▸ Provided material:
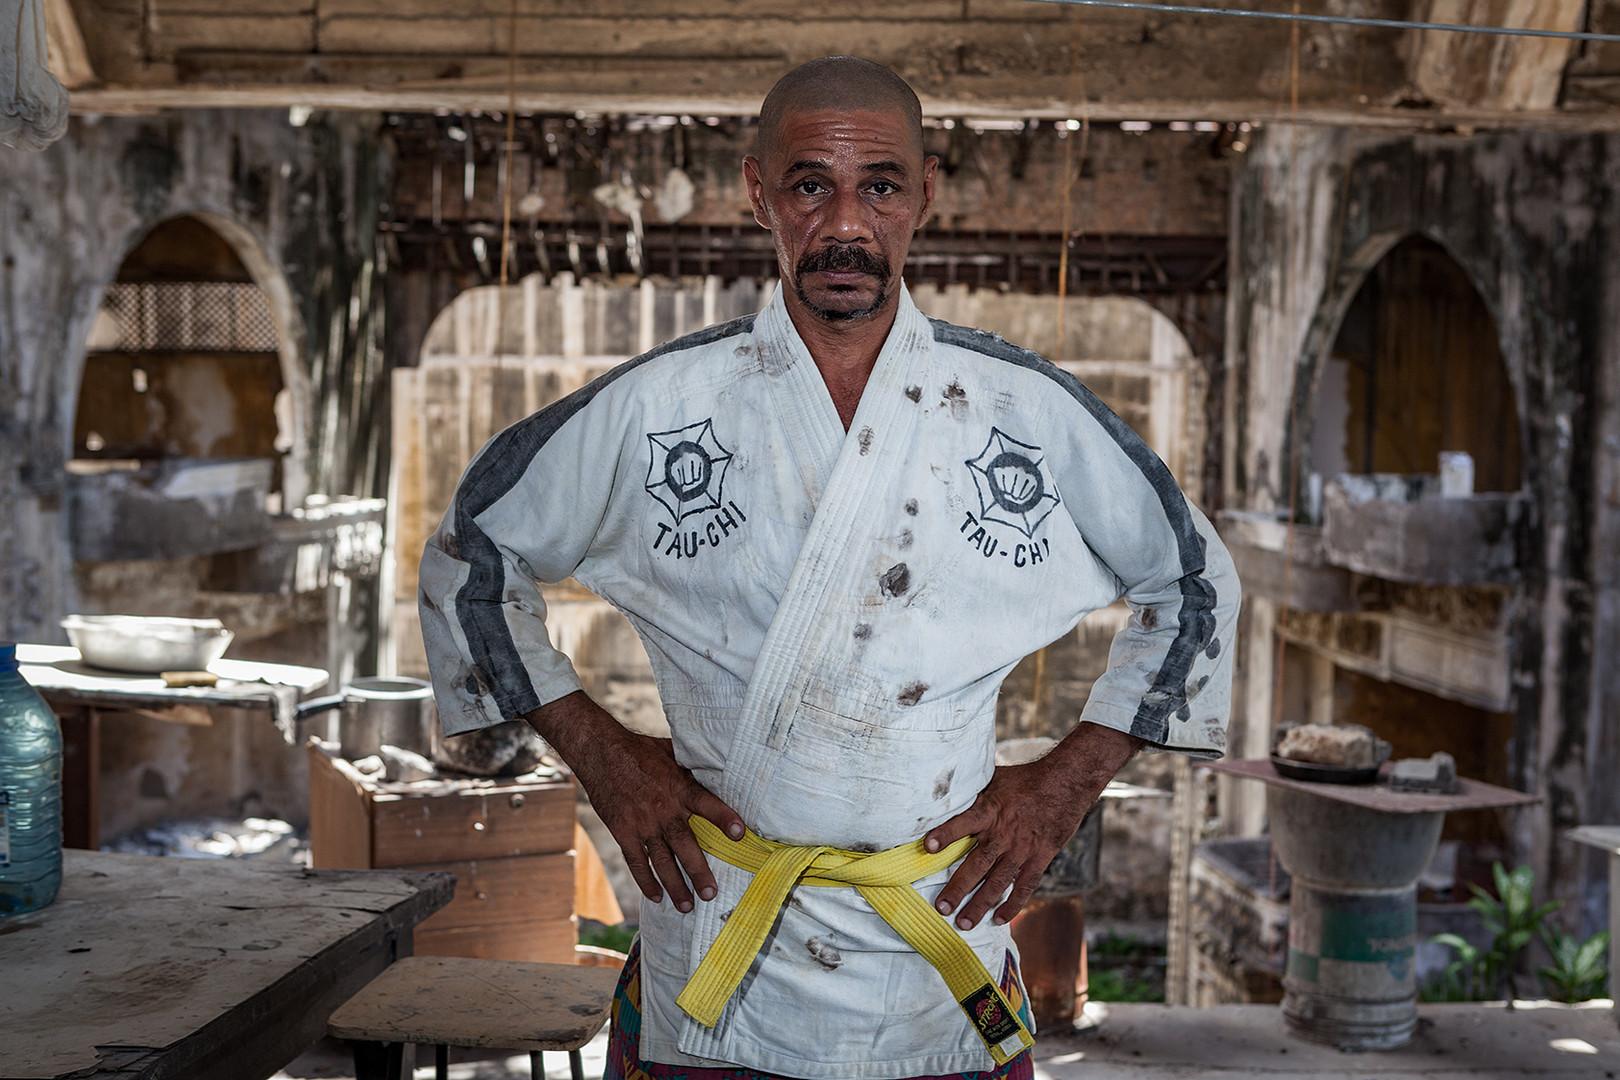 Seit über 30 Jahren praktiziert Reinaldo verschiedene Kampfsportarten.
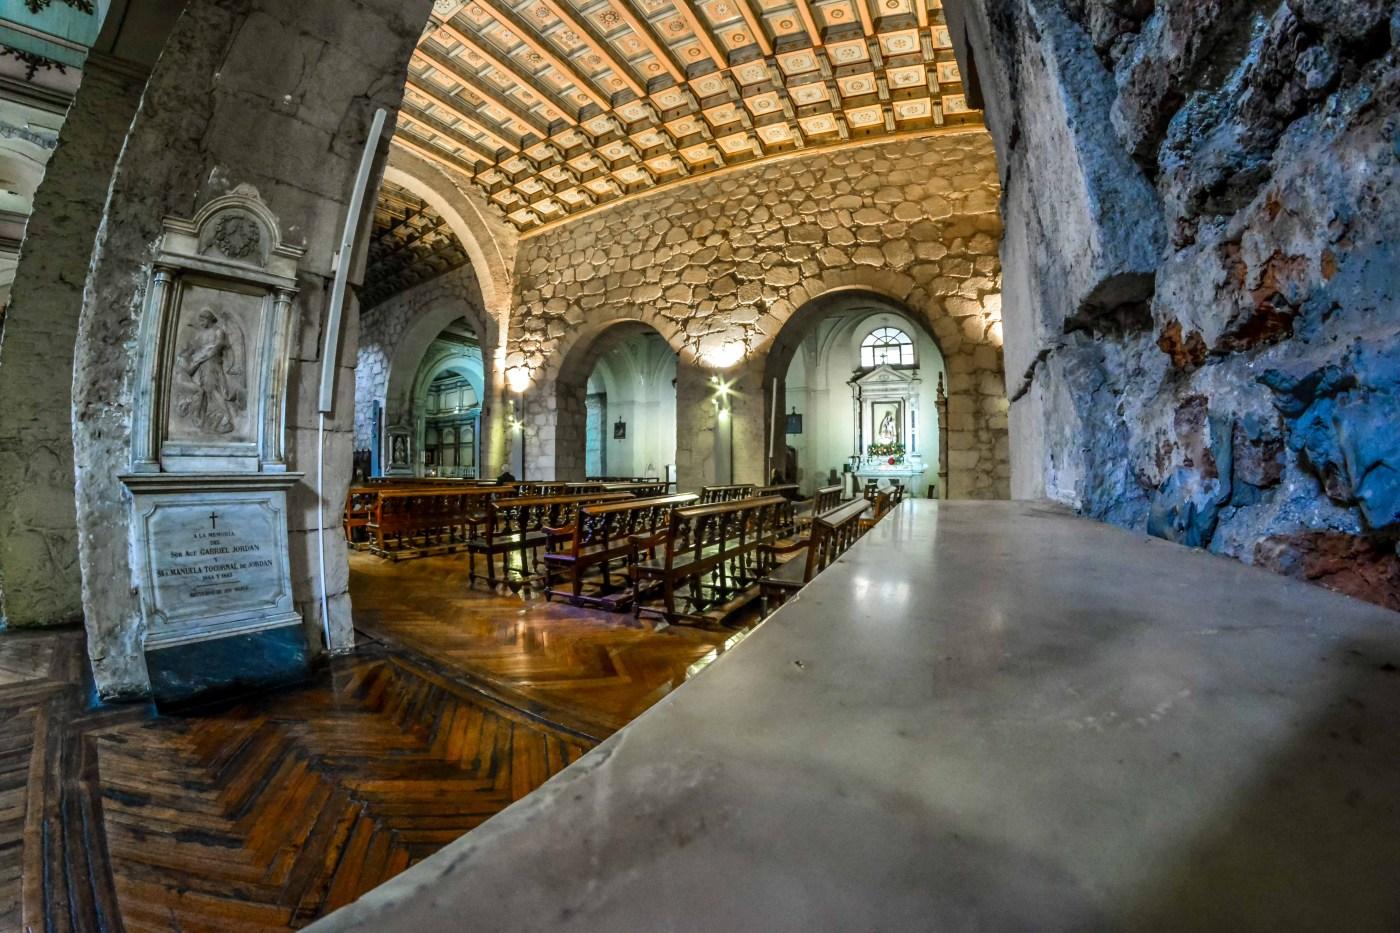 églises cathédrales sanctuaire basilique Santiago chili chile
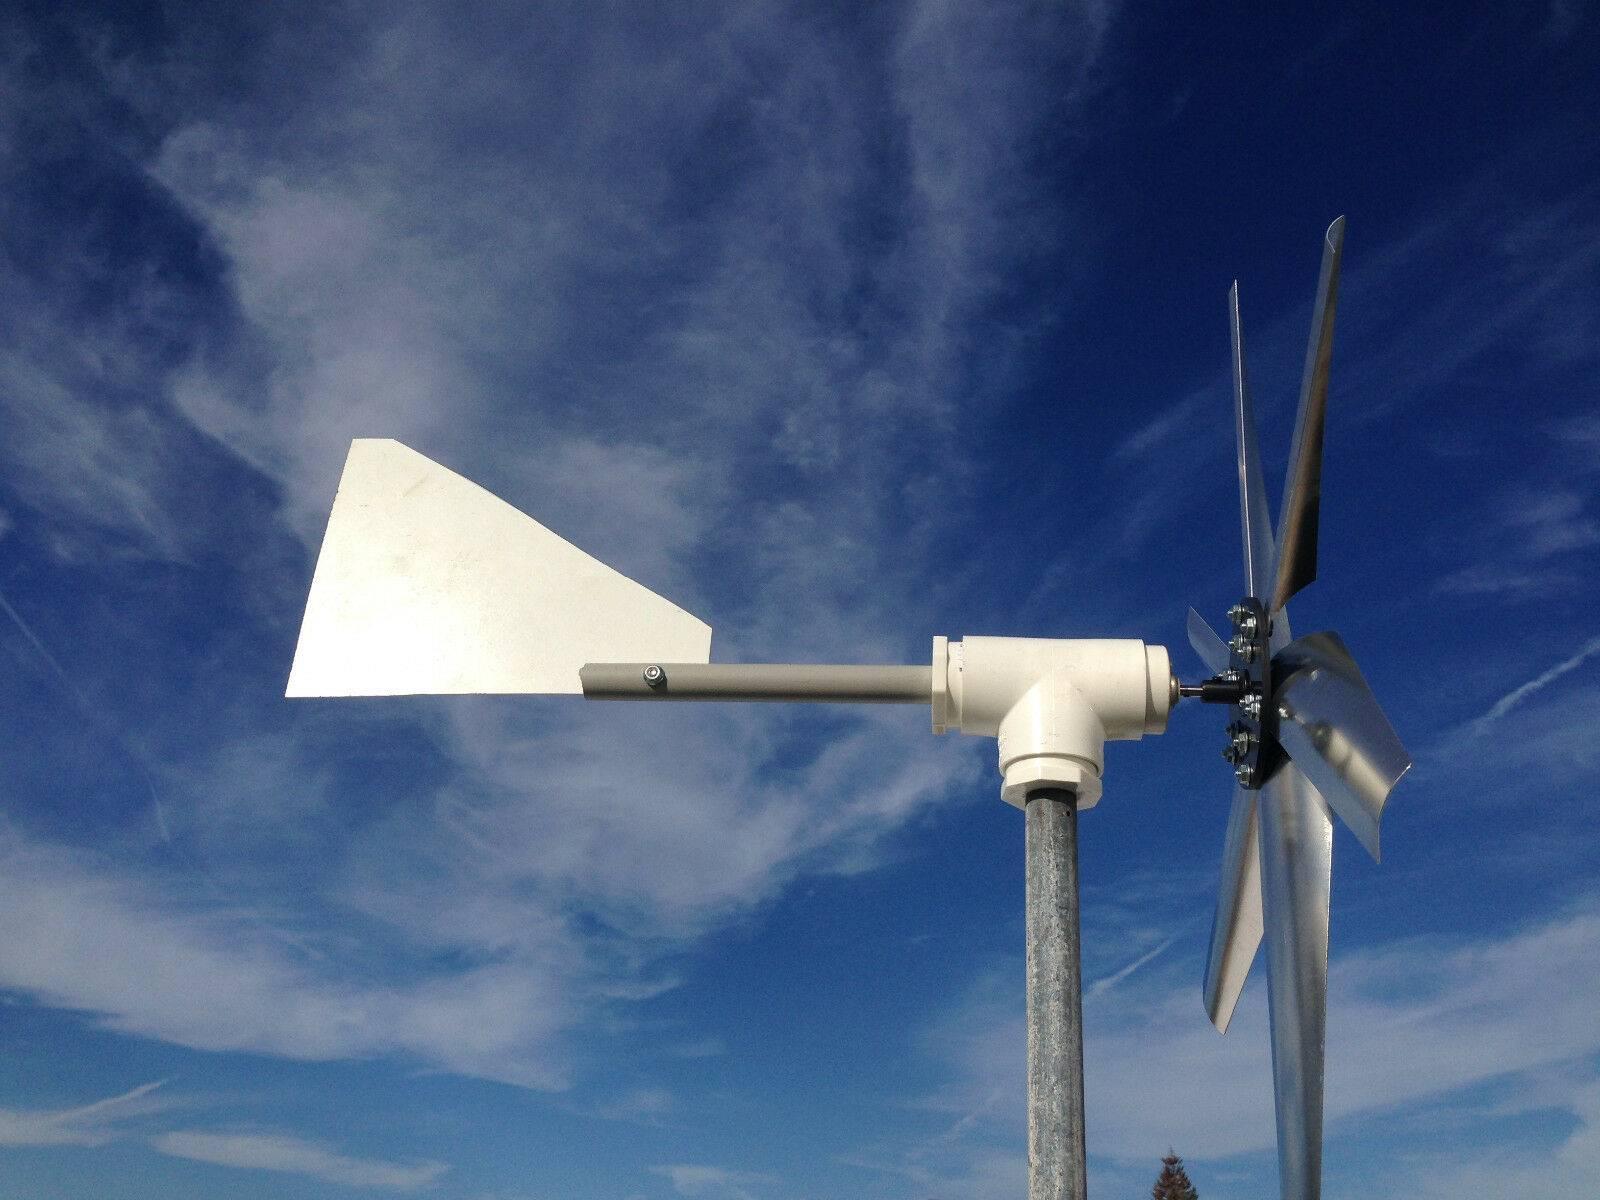 Выгоден ли ветрогенератор? расчет окупаемости устройства в условиях российской действительности
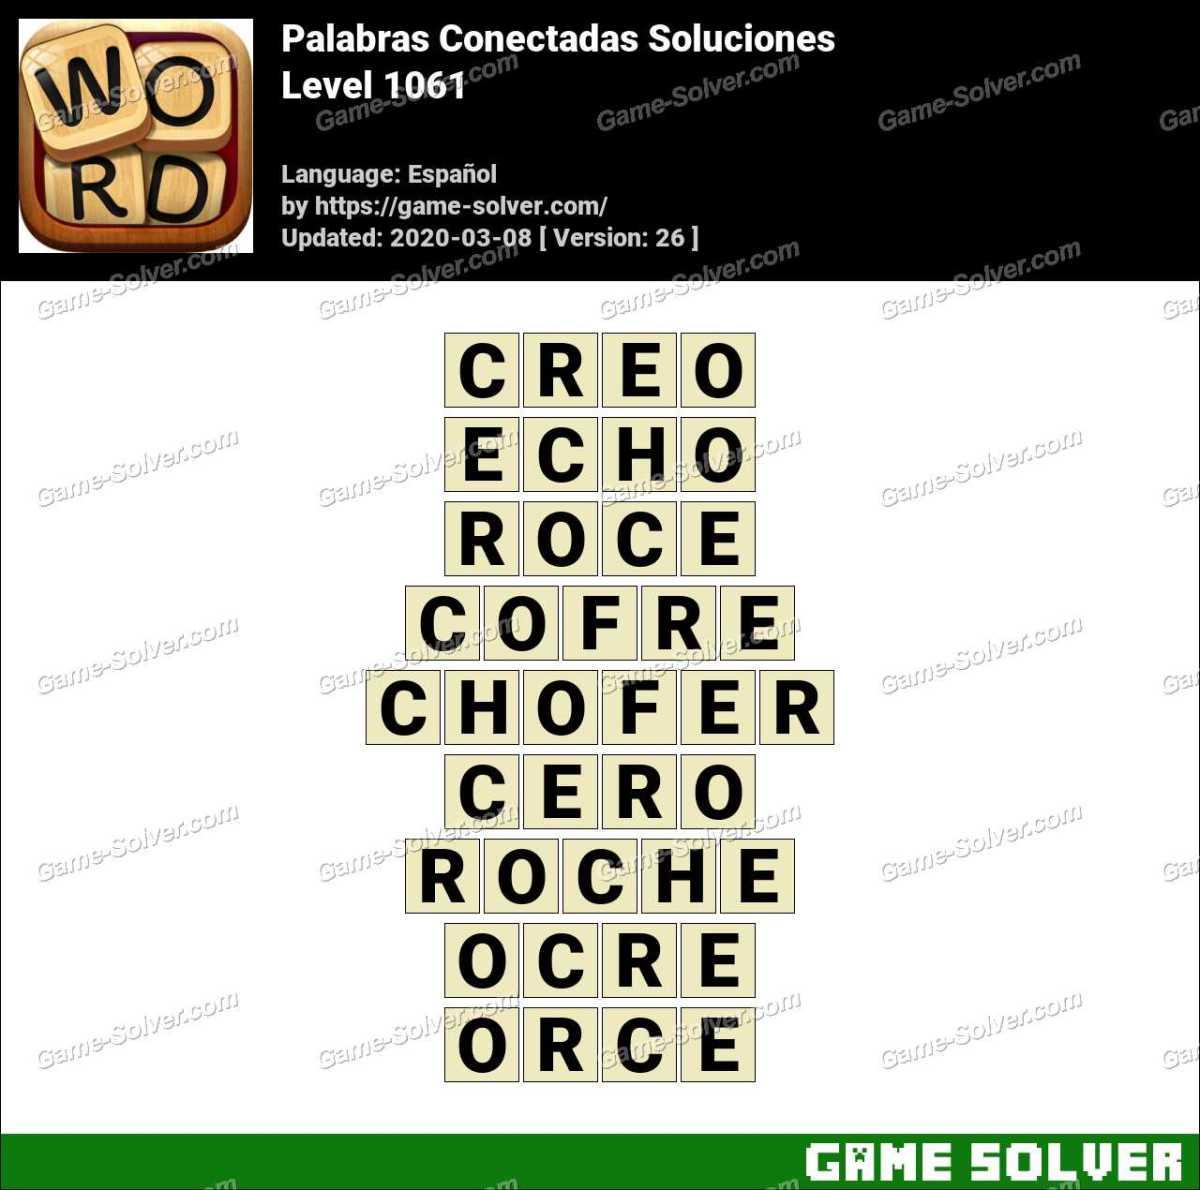 Palabras Conectadas Nivel 1061 Soluciones
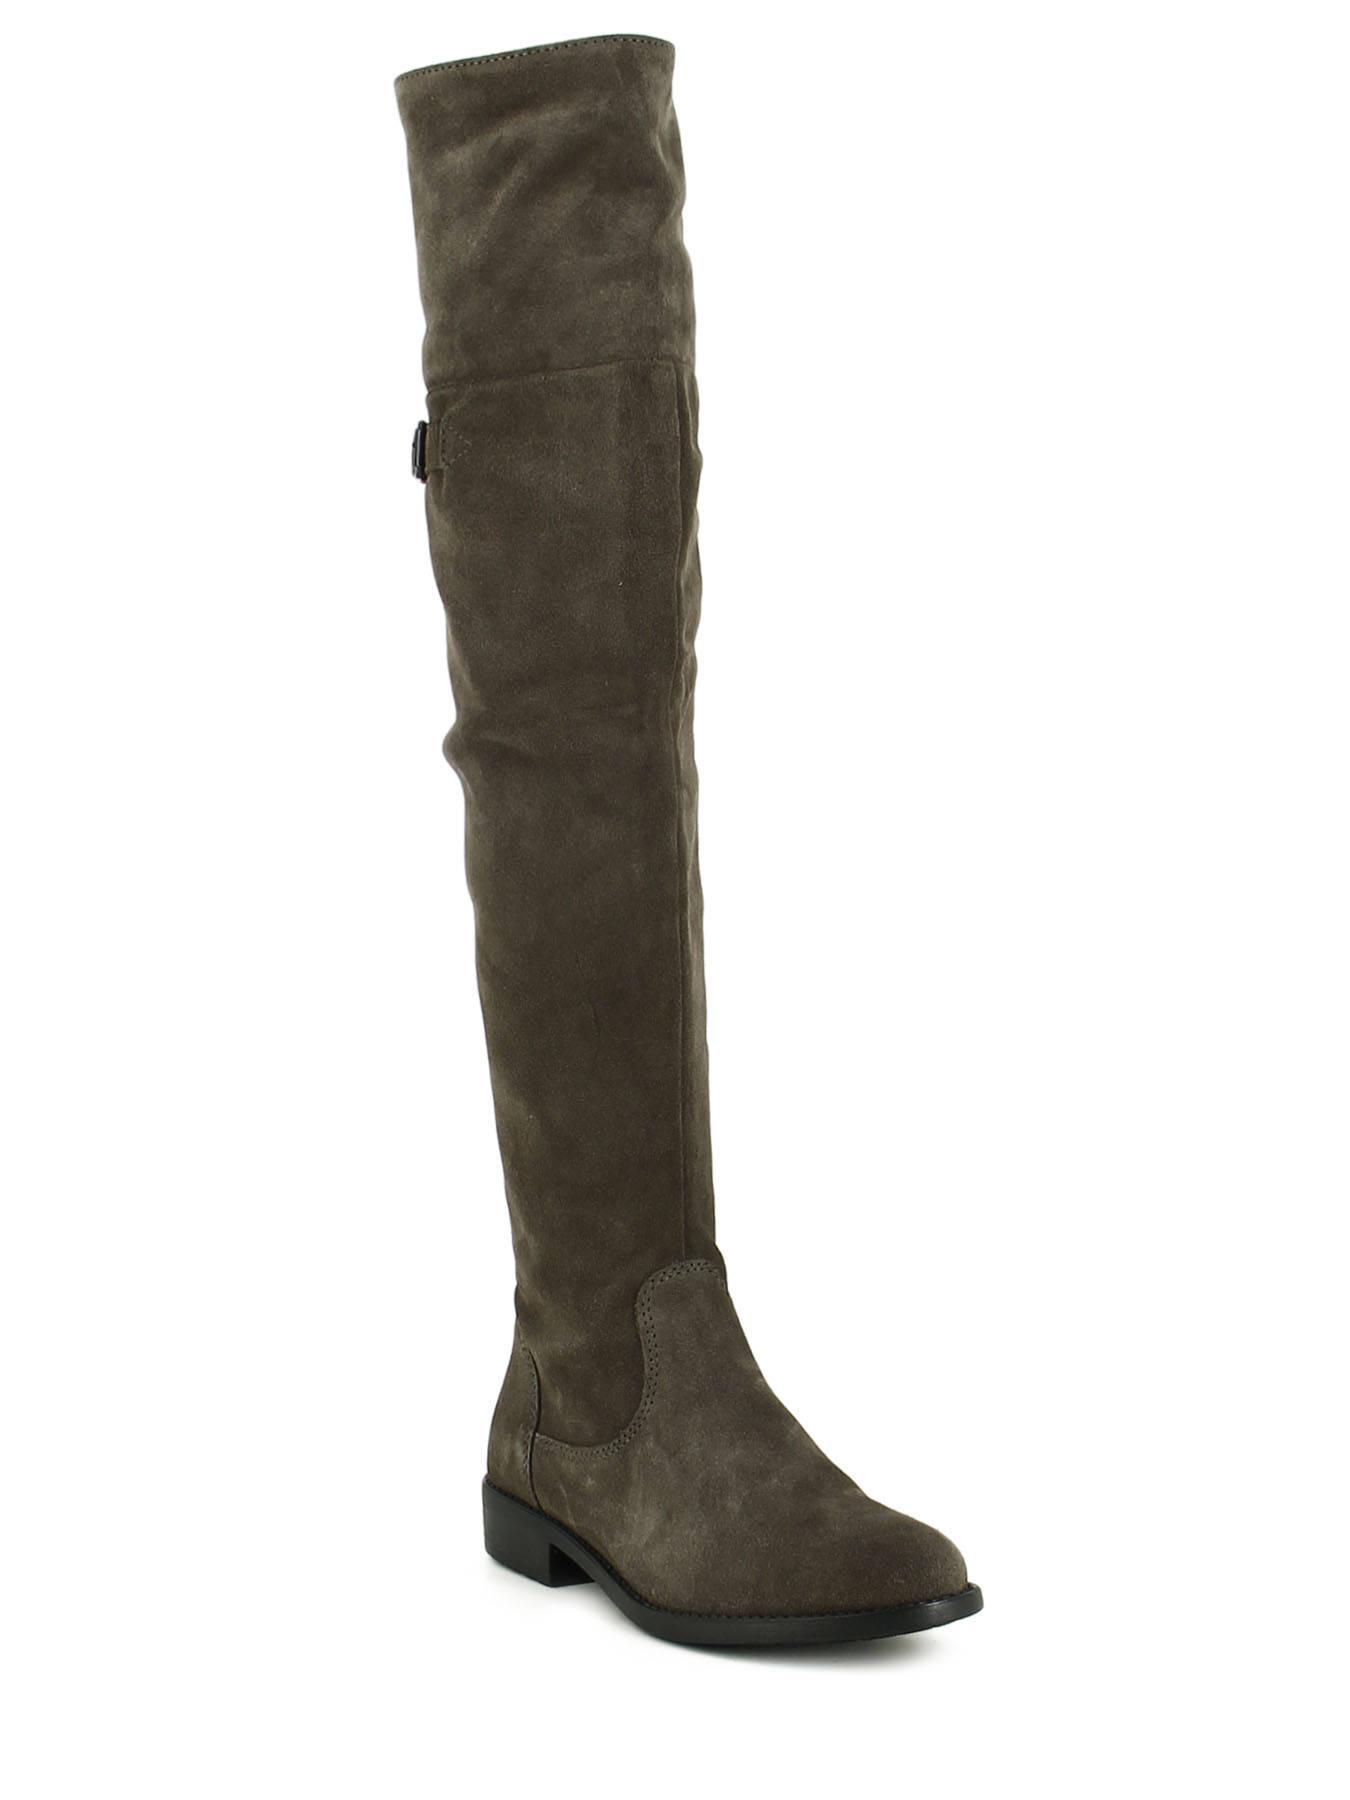 Gratuite Cher Chaussures Livraison Tamaris Moins Achetez Vos 8xPFzwHSqS

▸ Prompt: All entries should be given again exactly, except that pictures are to be excluded.

▸ Result for this task:
 Seit über 30 Jahren praktiziert Reinaldo verschiedene Kampfsportarten.
 églises cathédrales sanctuaire basilique Santiago chili chile
 Выгоден ли ветрогенератор? расчет окупаемости устройства в условиях российской действительности
 Palabras Conectadas Nivel 1061 Soluciones
 Gratuite Cher Chaussures Livraison Tamaris Moins Achetez Vos 8xPFzwHSqS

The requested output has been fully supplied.